Several noise compensation schemes for speech recognition in impulsive and nonimpulsive noise are considered. The noise compensation schemes are spectral subtraction, HMM-based Wiener (1949) filters, noise-adaptive HMMs, and a front-end impulsive noise removal. The use of the cepstral-time matrix as an improved speech feature set is explored, and the noise compensation methods are extended for use with cepstral-time features. Experimental evaluations, on a spoken digit database, in the presence of ear noise, helicopter noise, and impulsive noise, demonstrate that the noise compensation methods achieve substantial improvement in recognition across a wide range of signal-to-noise ratios.
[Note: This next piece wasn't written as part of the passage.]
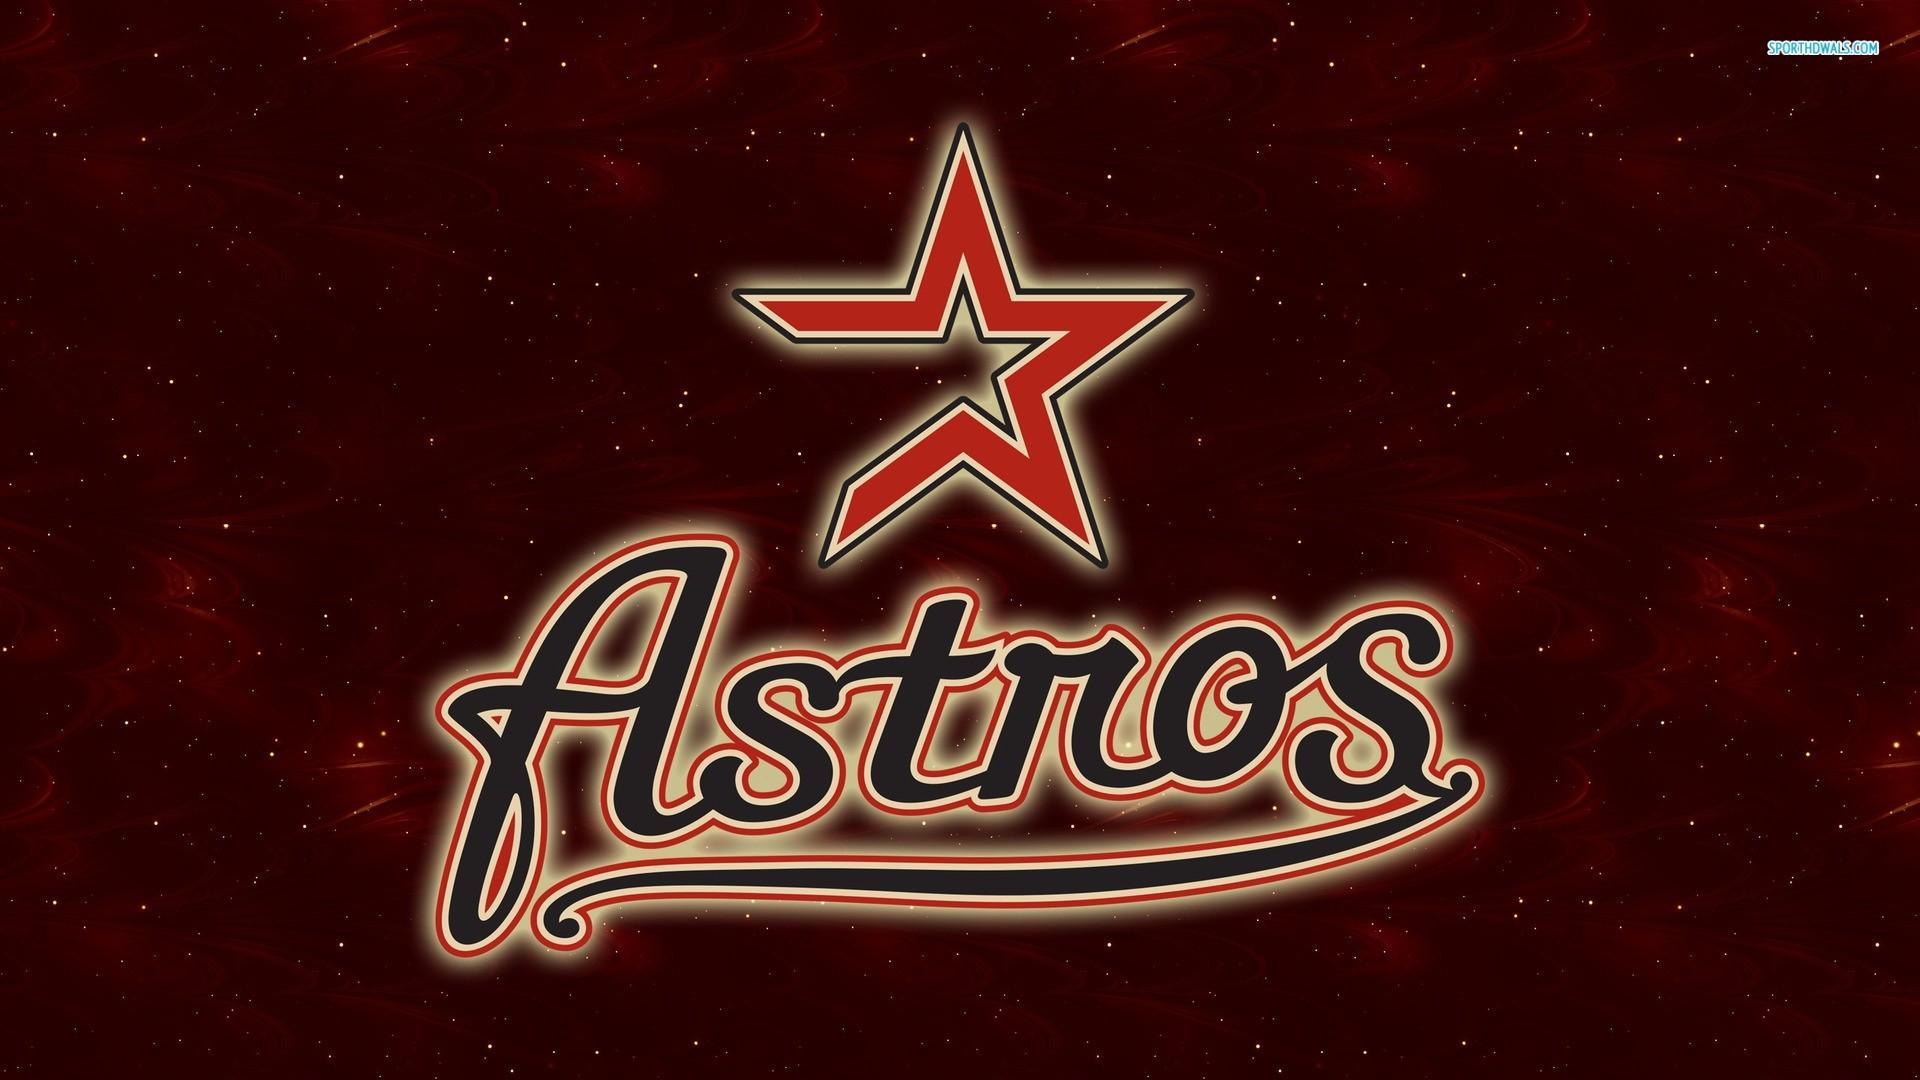 Houston Astros Desktop wallpaper

The results also show that the cepstral-time matrix is more robust than a vector of identical size, which is composed of a combination of cepstral and differential cepstral features.
机译:考虑了用于脉冲和非脉冲噪声中的语音识别的几种噪声补偿方案。噪声补偿方案为频谱减法,基于HMM的Wiener(1949)滤波器,自适应噪声的HMM和前端脉冲式噪声去除。探索了将倒谱时间矩阵用作改进的语音特征集的方法,并扩展了噪声补偿方法以用于倒谱时间特征。在存在耳朵噪声,直升机噪声和脉冲噪声的情况下,对口语数据库进行的实验评估表明,噪声补偿方法在各种信噪比范围内的识别能力均得到了显着改善。结果还表明,倒谱时间矩阵比相同大小的矢量(由倒谱特征和差分倒谱特征的组合组成)更鲁棒。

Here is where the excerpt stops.